EXERCISE DIRECTIONS:
Skip every picture, and output exactly the lines starting at the one with "Dometic 976 Large Portable Toilet" and running through the last line of the material below.

GIVEN MATERIAL:
+ + + + +

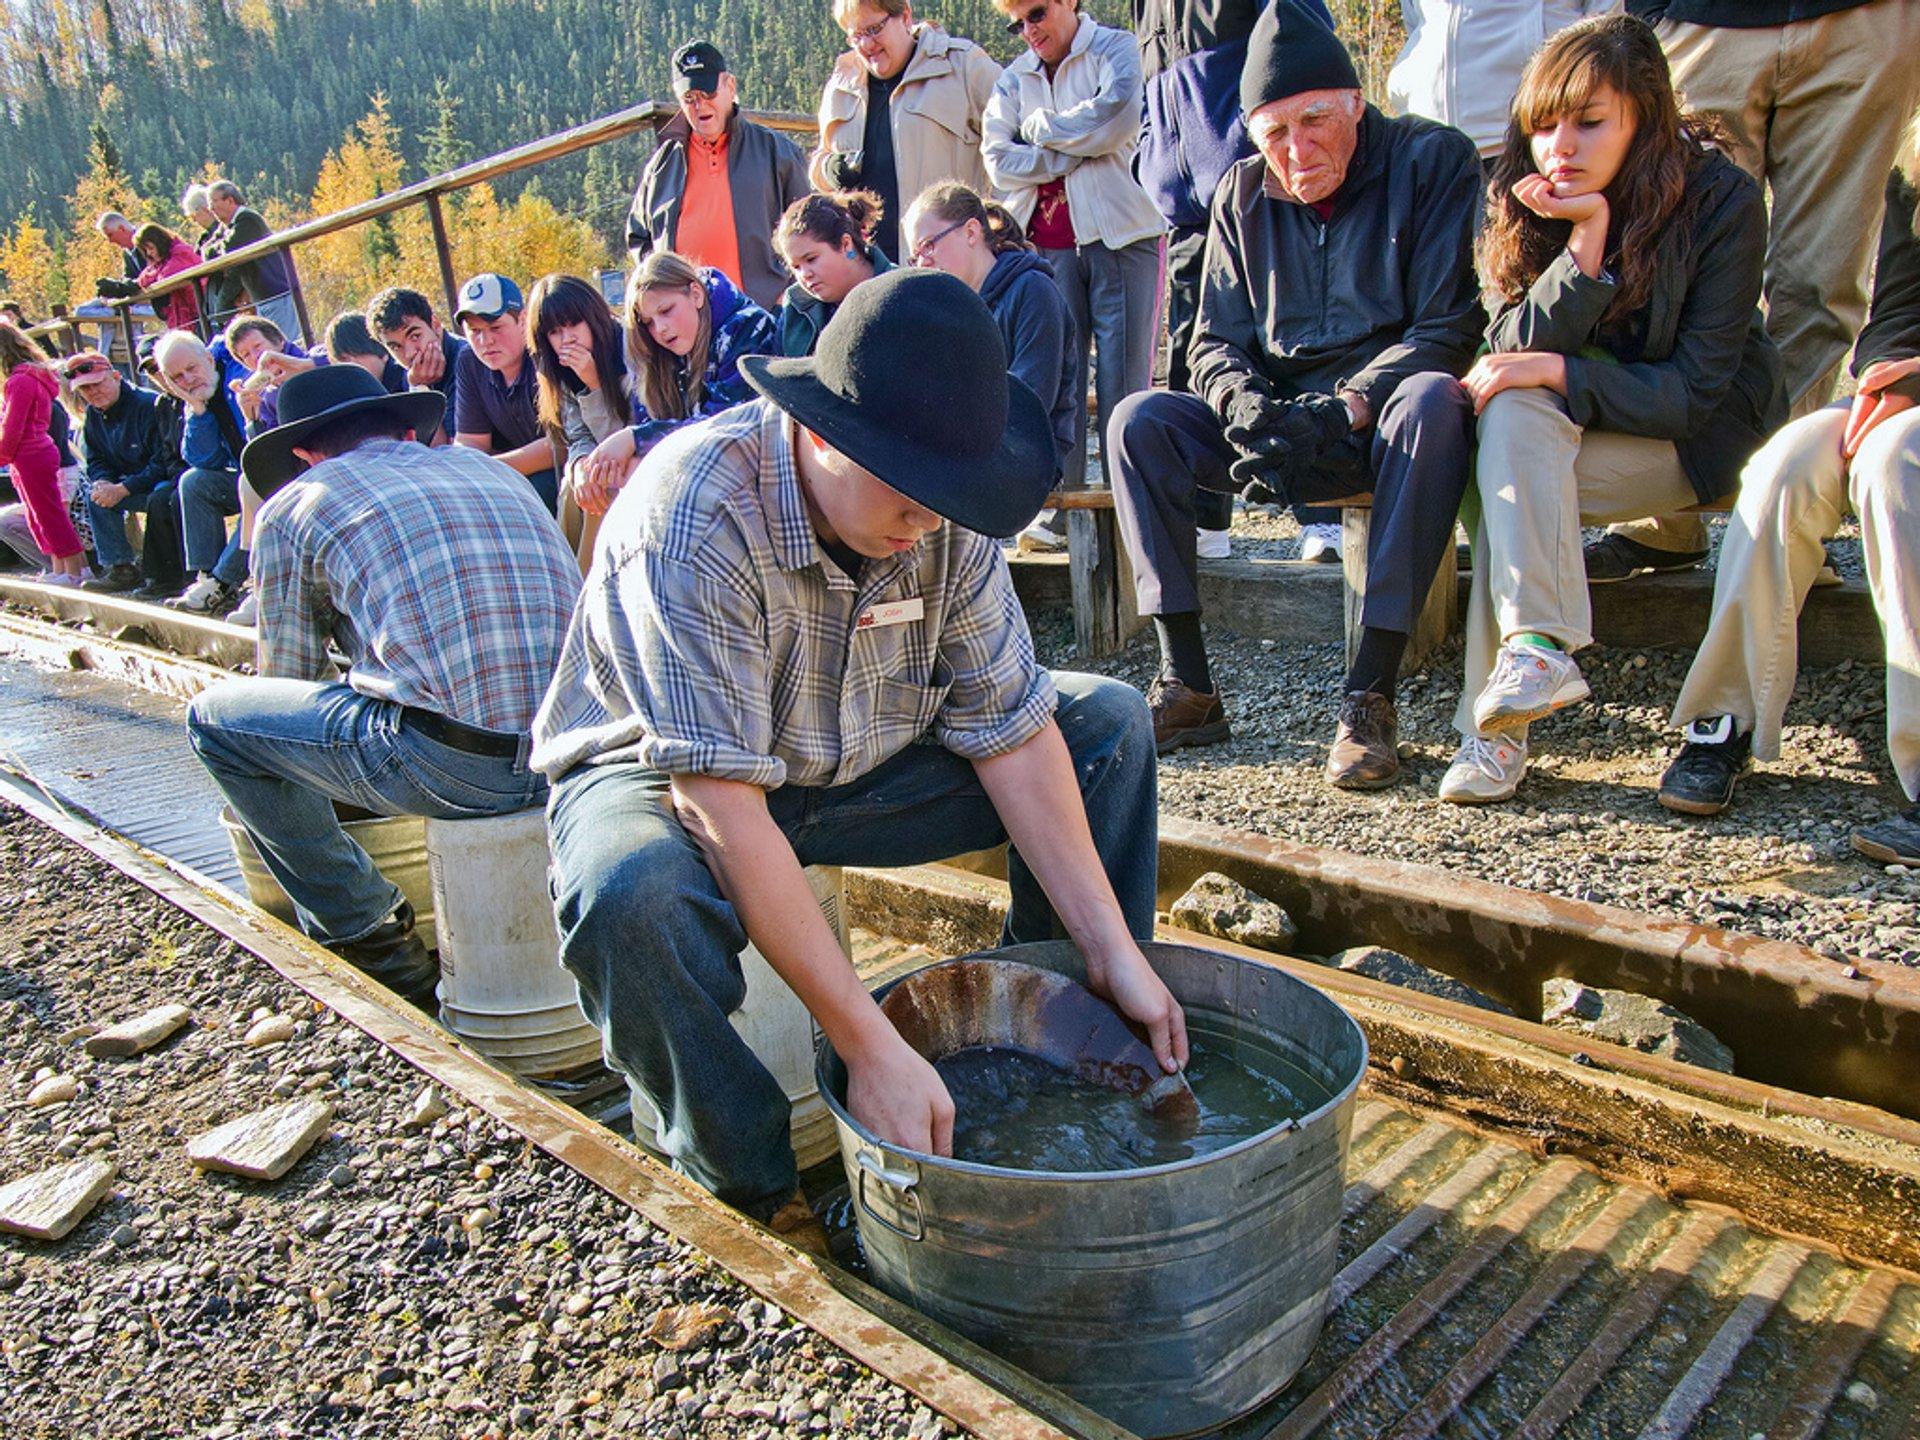 Panning for Gold at Eldorado Gold Mine 2019
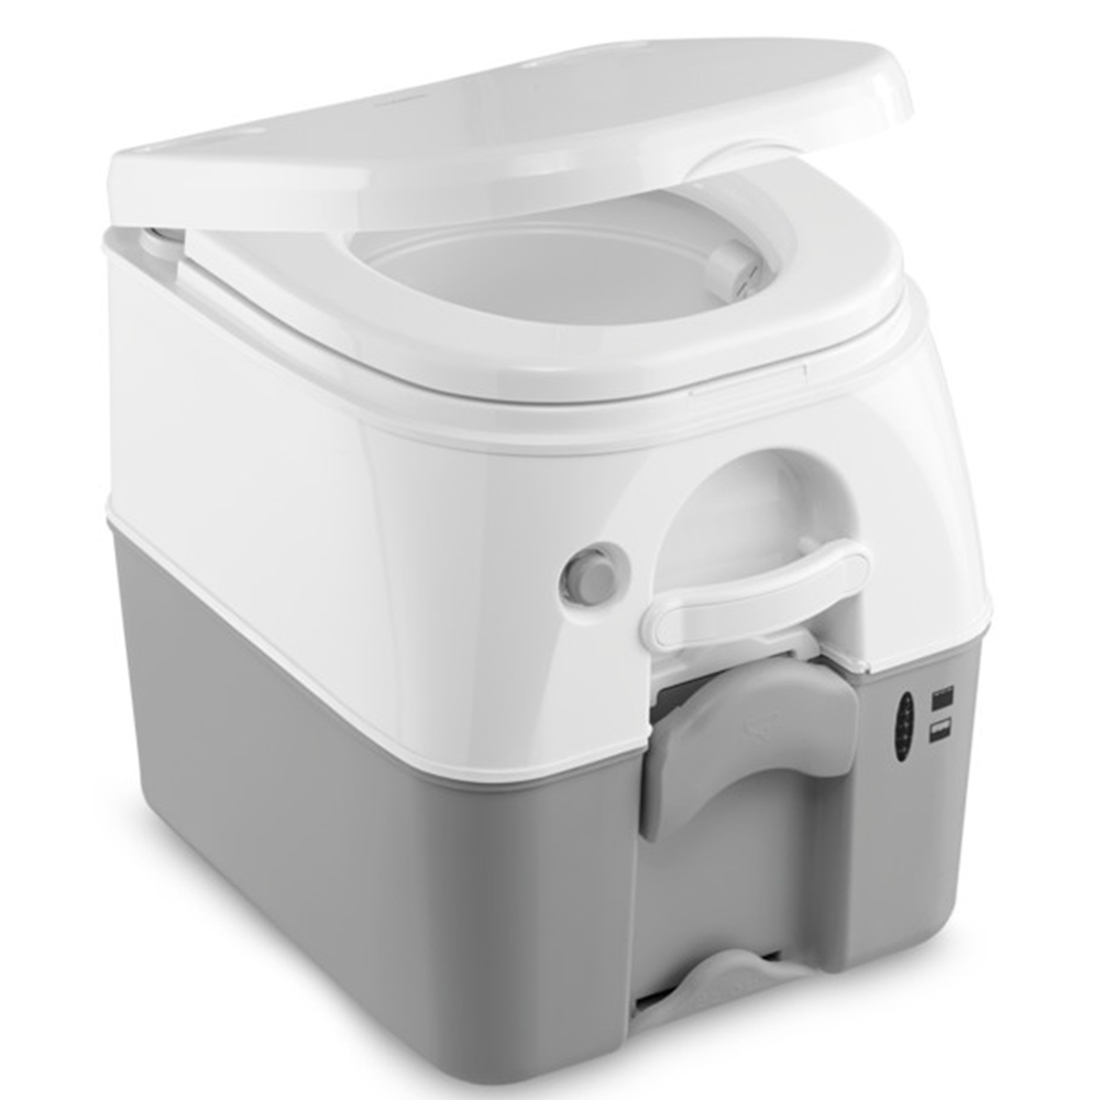 Dometic 976 Large Portable Toilet
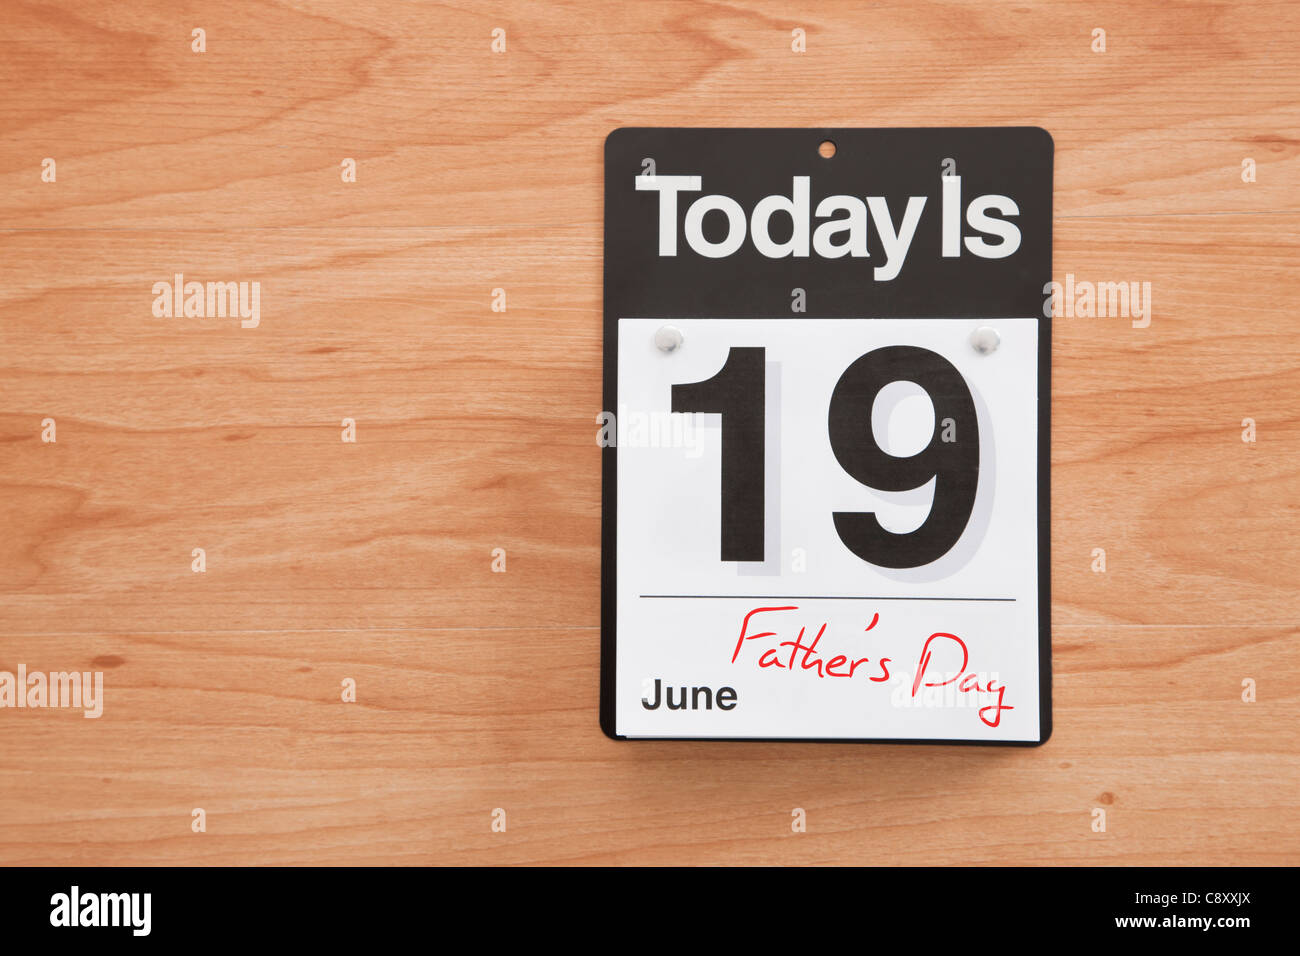 Fathers Day Calendar Stock Photos Fathers Day Calendar Stock

+ + + + +

REPLY TO THE EXERCISE:
 Dometic 976 Large Portable Toilet
 Fathers Day Calendar Stock Photos Fathers Day Calendar Stock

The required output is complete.